Directions for this task.
Restate word for word the lines of the entries below, starting with the line that holds "DEMYLEE Berkley Sweater" and ending with the line that holds "Art Glitter Glue", and no others.
(Beginning of Materials provided)
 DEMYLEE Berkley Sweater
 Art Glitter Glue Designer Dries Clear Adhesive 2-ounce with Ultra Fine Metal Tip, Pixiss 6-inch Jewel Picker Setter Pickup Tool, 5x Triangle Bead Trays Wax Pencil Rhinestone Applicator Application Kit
(End of Materials provided)
(Beginning of Materials provided)
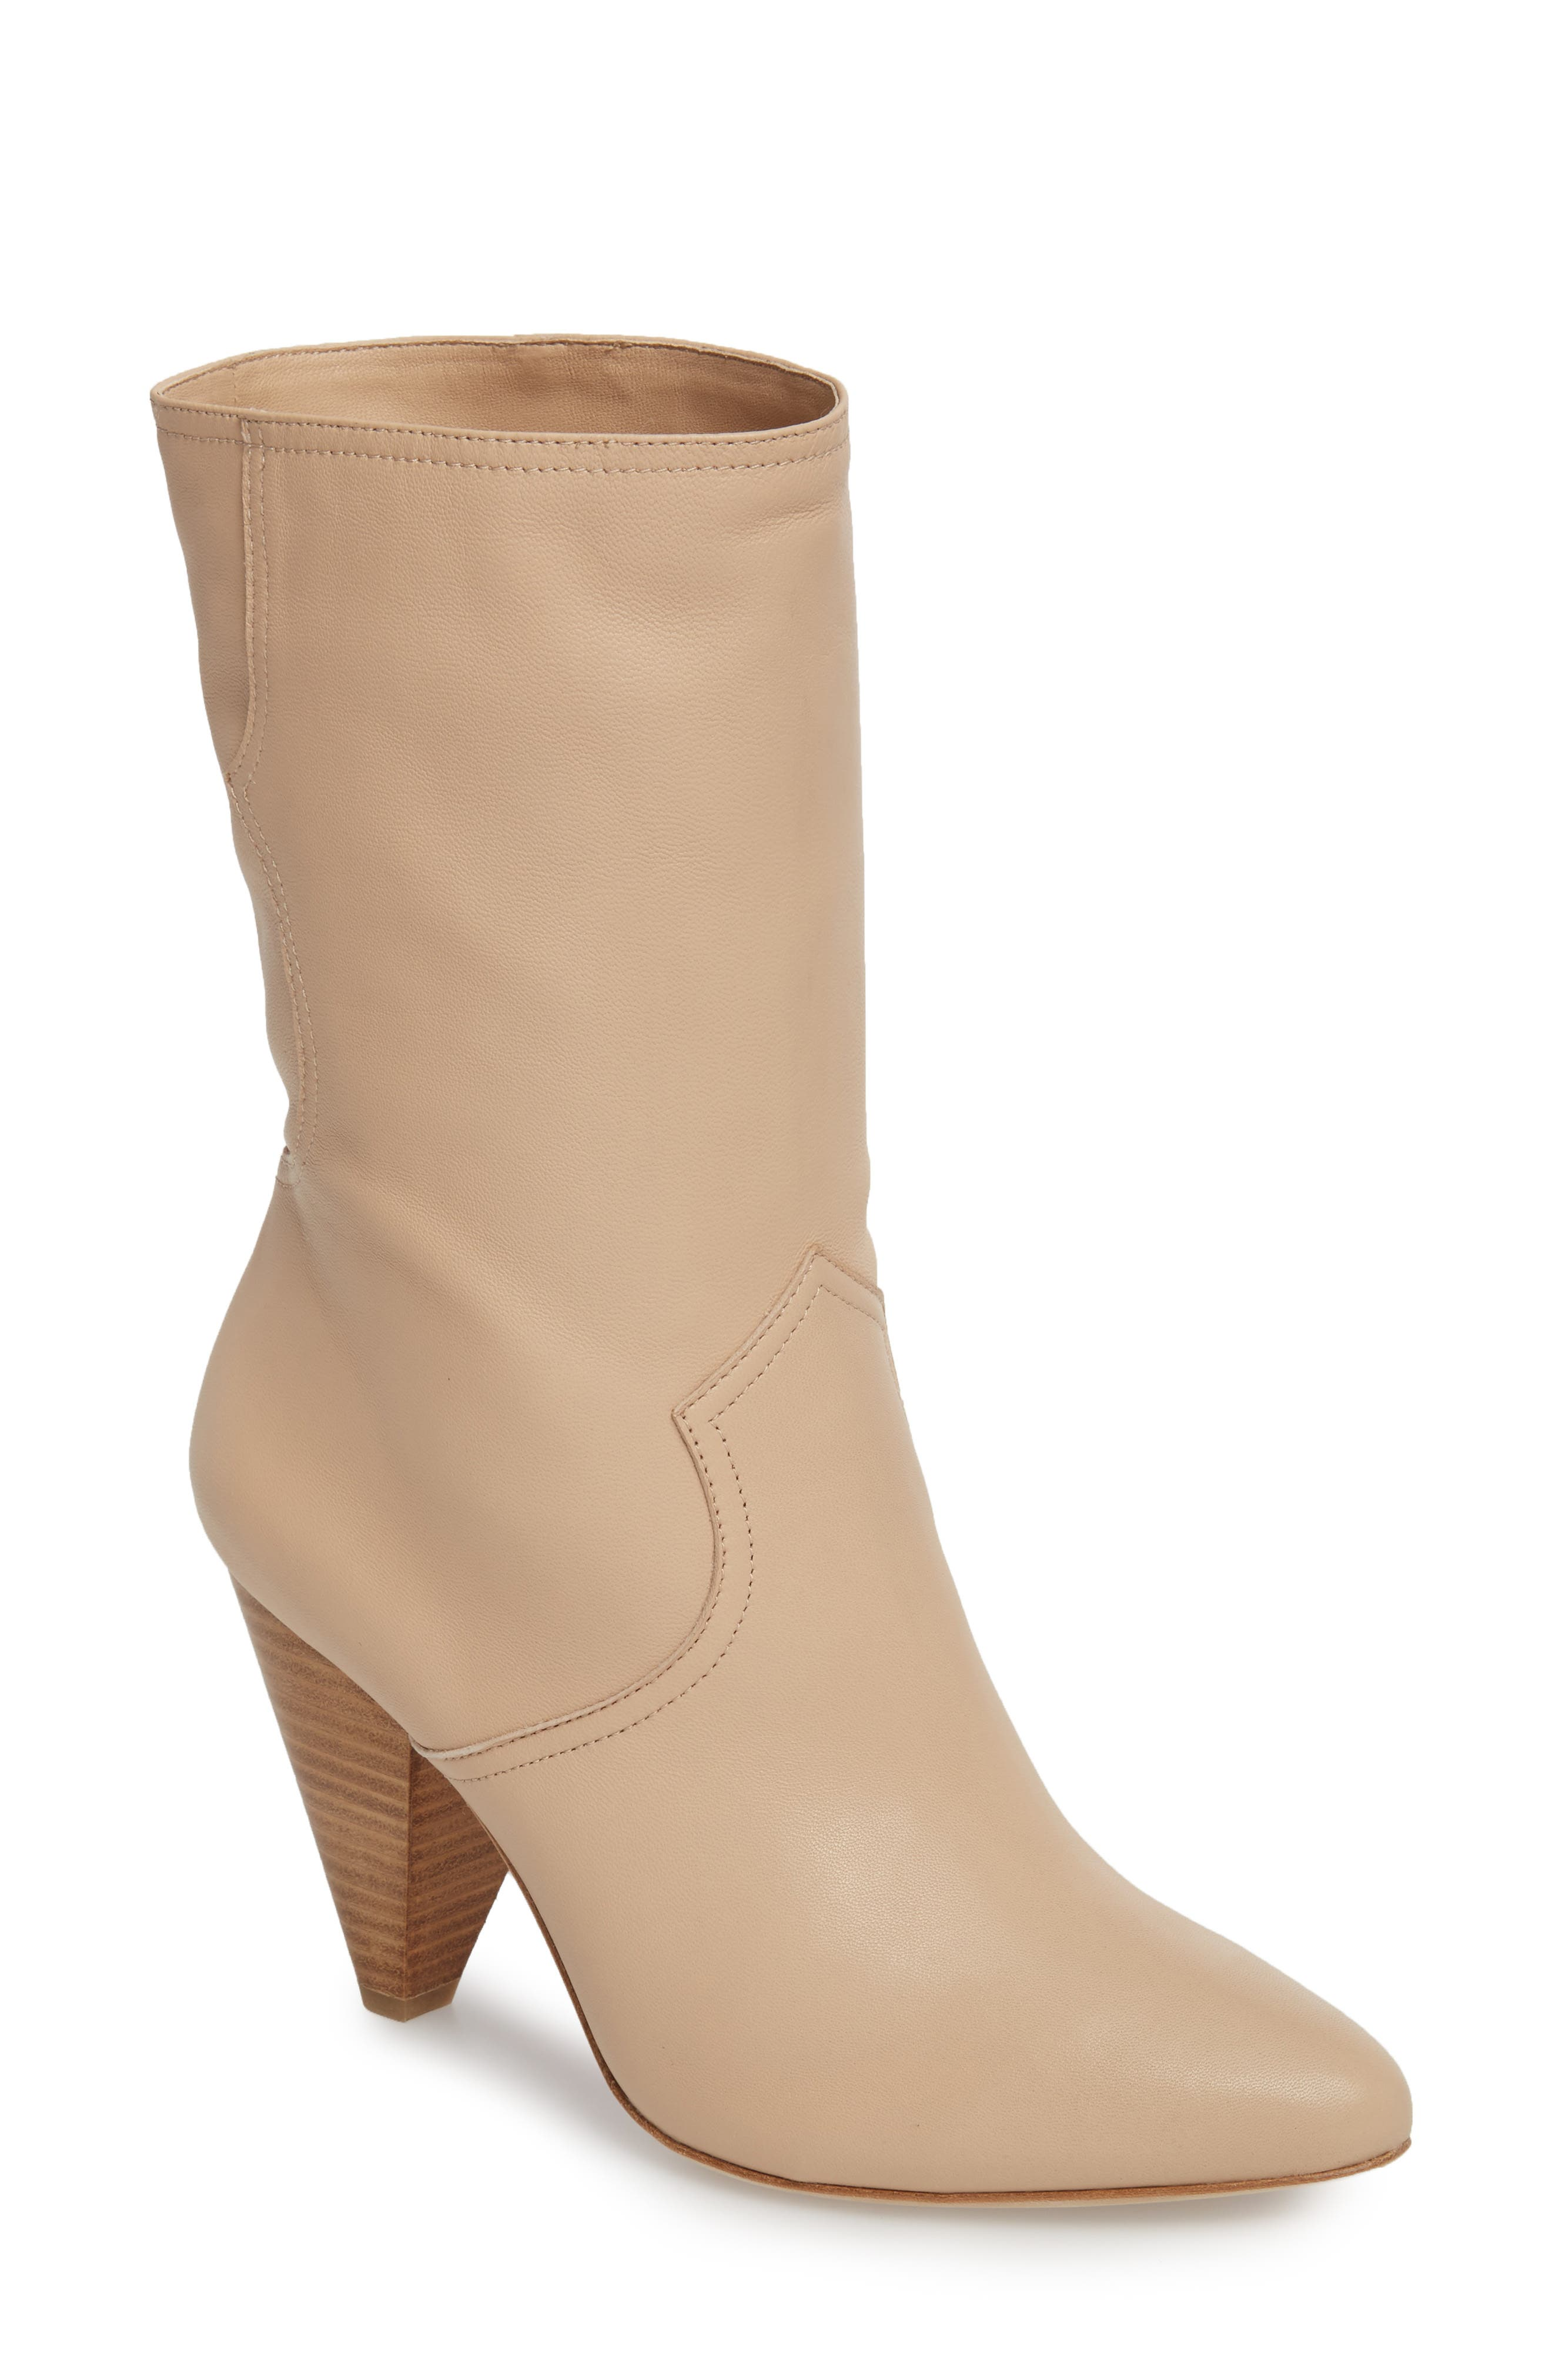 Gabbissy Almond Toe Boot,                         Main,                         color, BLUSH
(End of Materials provided)
(Beginning of Materials provided)
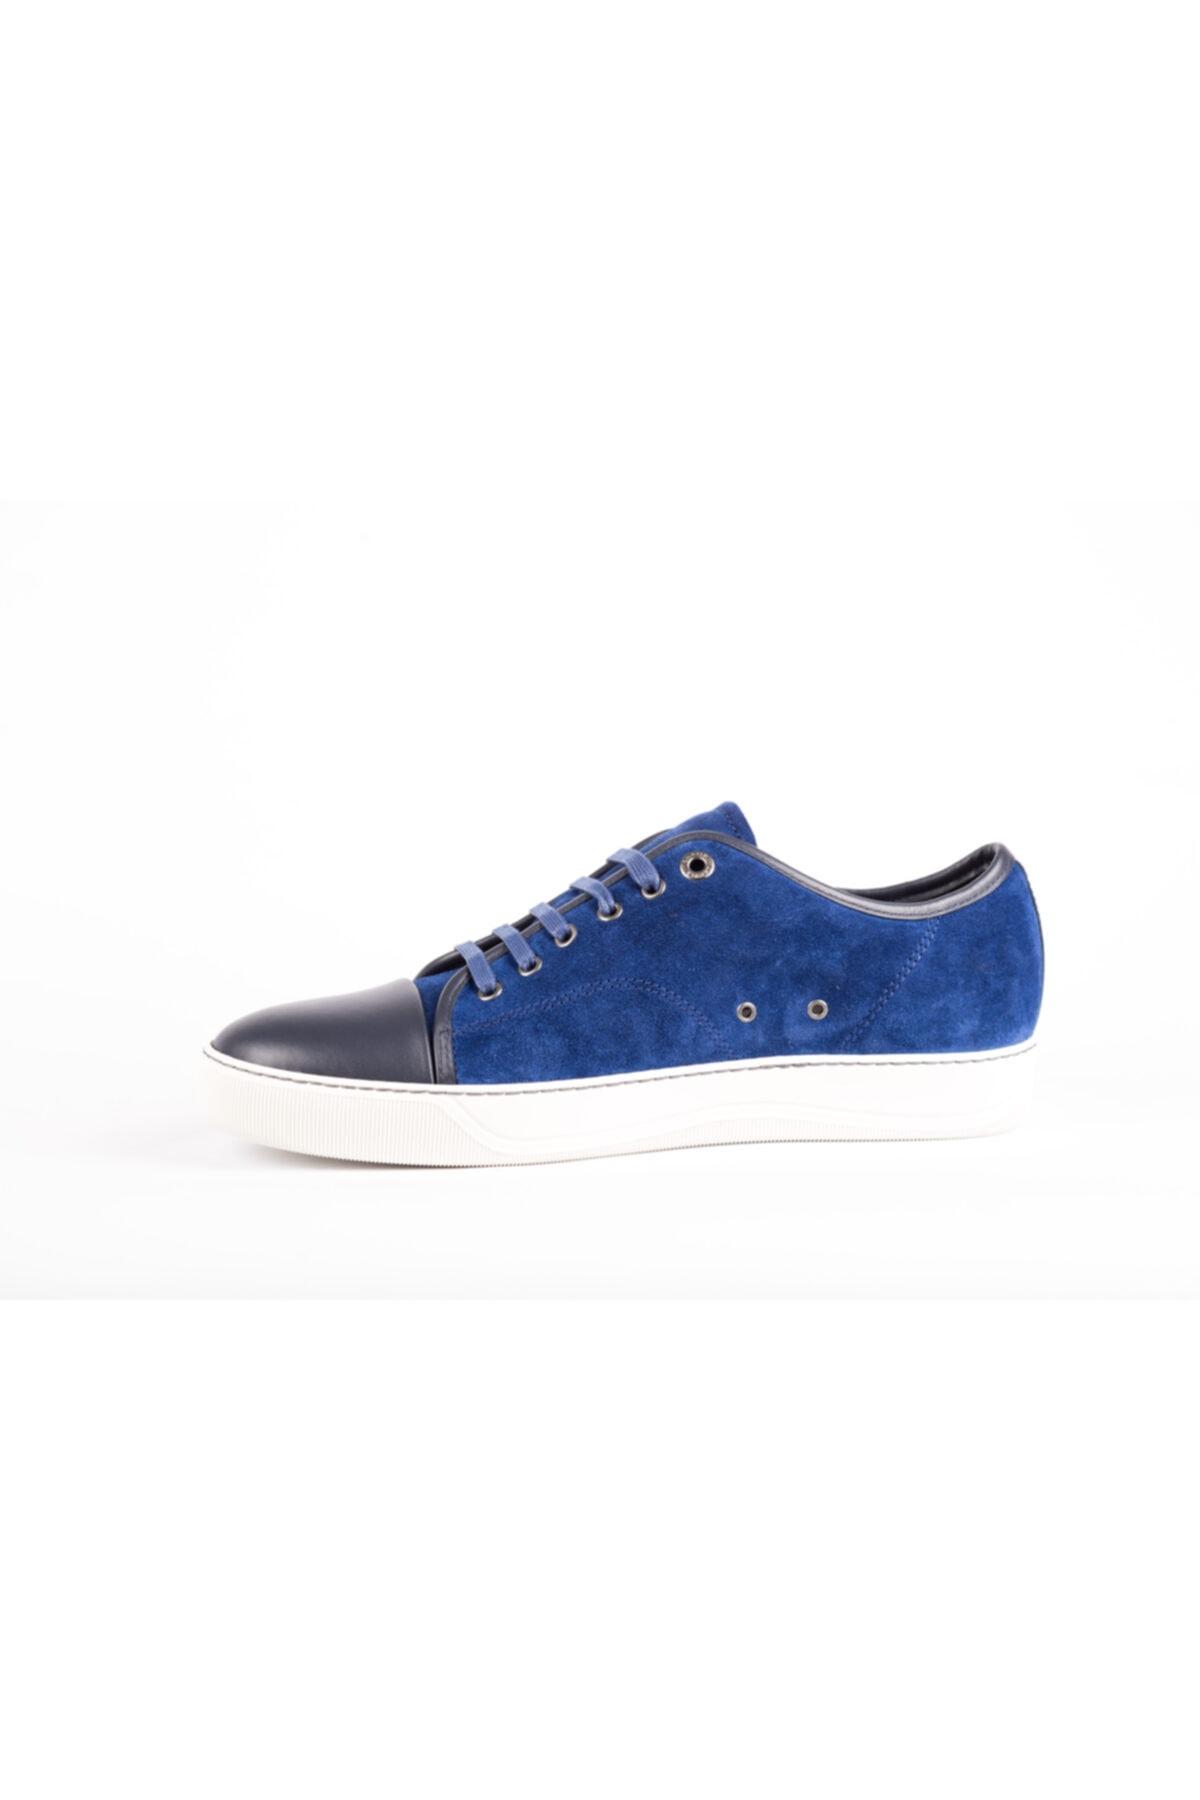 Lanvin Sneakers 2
(End of Materials provided)
Answer area.
 DEMYLEE Berkley Sweater
 Art Glitter Glue Designer Dries Clear Adhesive 2-ounce with Ultra Fine Metal Tip, Pixiss 6-inch Jewel Picker Setter Pickup Tool, 5x Triangle Bead Trays Wax Pencil Rhinestone Applicator Application Kit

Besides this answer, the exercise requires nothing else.